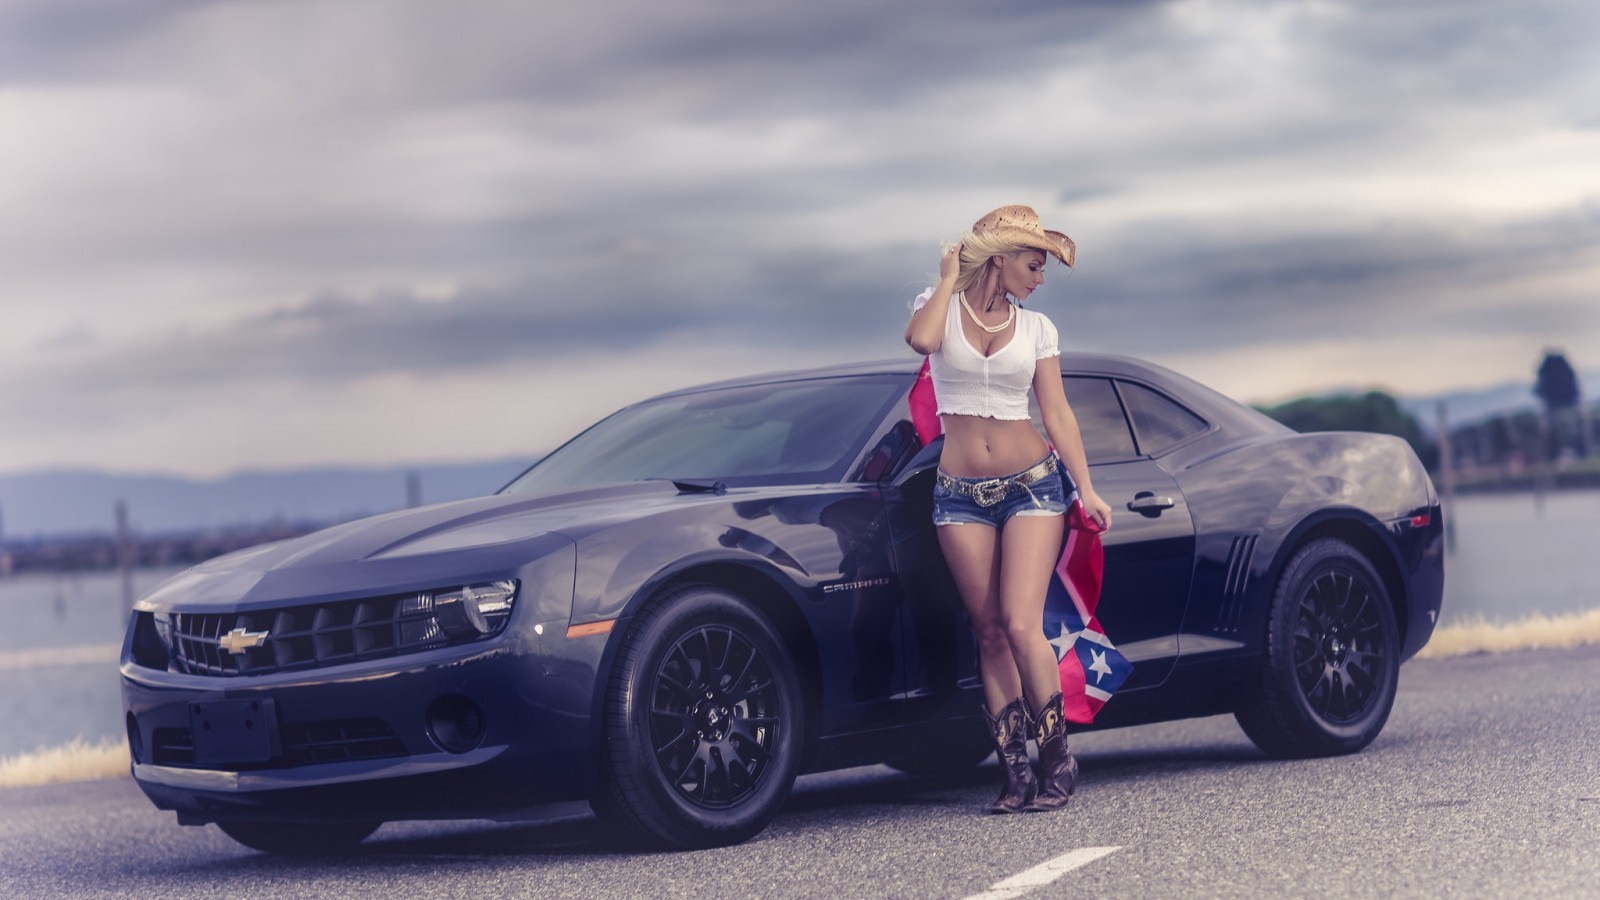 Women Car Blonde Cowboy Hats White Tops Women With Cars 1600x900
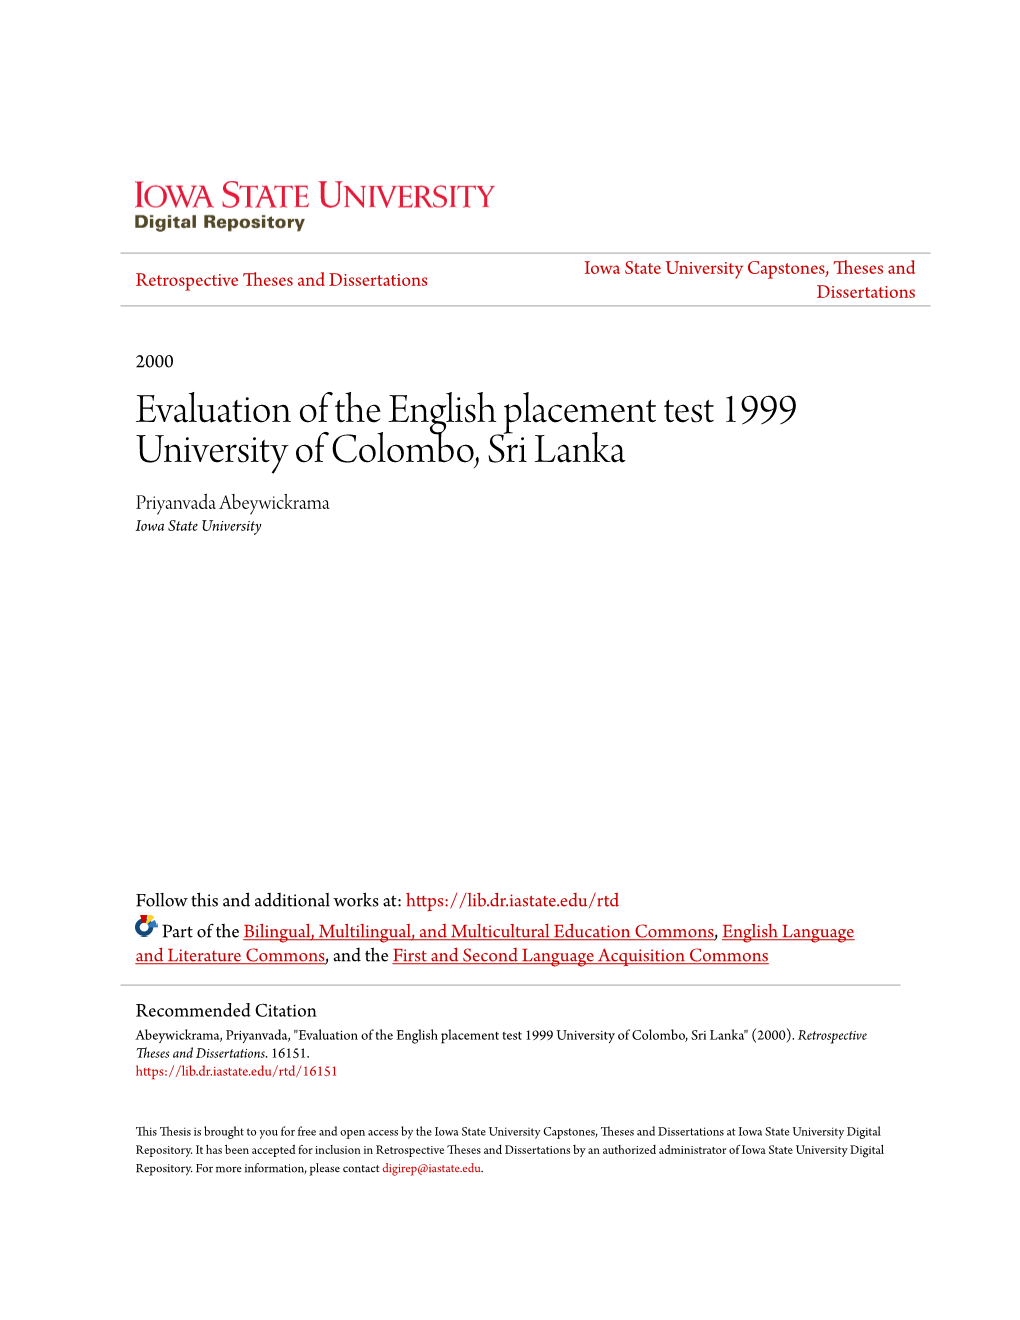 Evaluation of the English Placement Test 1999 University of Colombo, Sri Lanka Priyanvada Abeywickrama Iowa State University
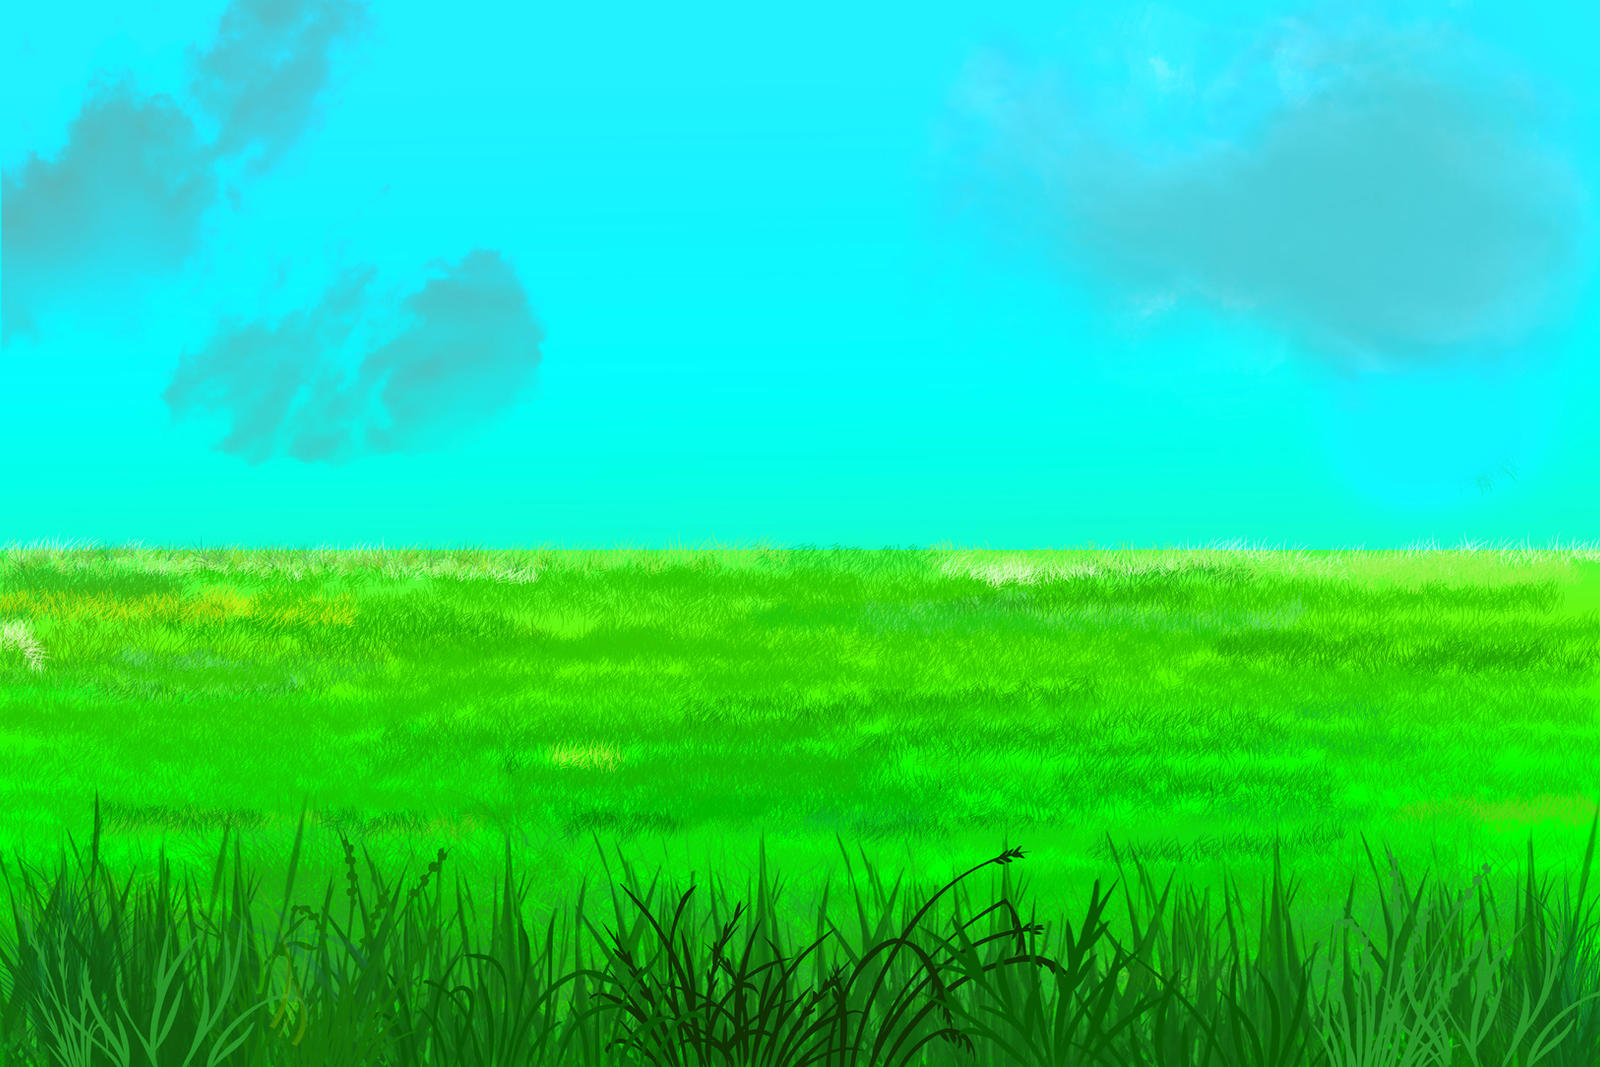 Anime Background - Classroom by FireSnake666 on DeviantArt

******************************

Required work »
What you return must match the material above exactly, minus its pictures.

Solution to the problem »
 Women Car Blonde Cowboy Hats White Tops Women With Cars 1600x900
 Evaluation of the English Placement Test 1999 University of Colombo, Sri Lanka Priyanvada Abeywickrama Iowa State University
 Anime Background - Classroom by FireSnake666 on DeviantArt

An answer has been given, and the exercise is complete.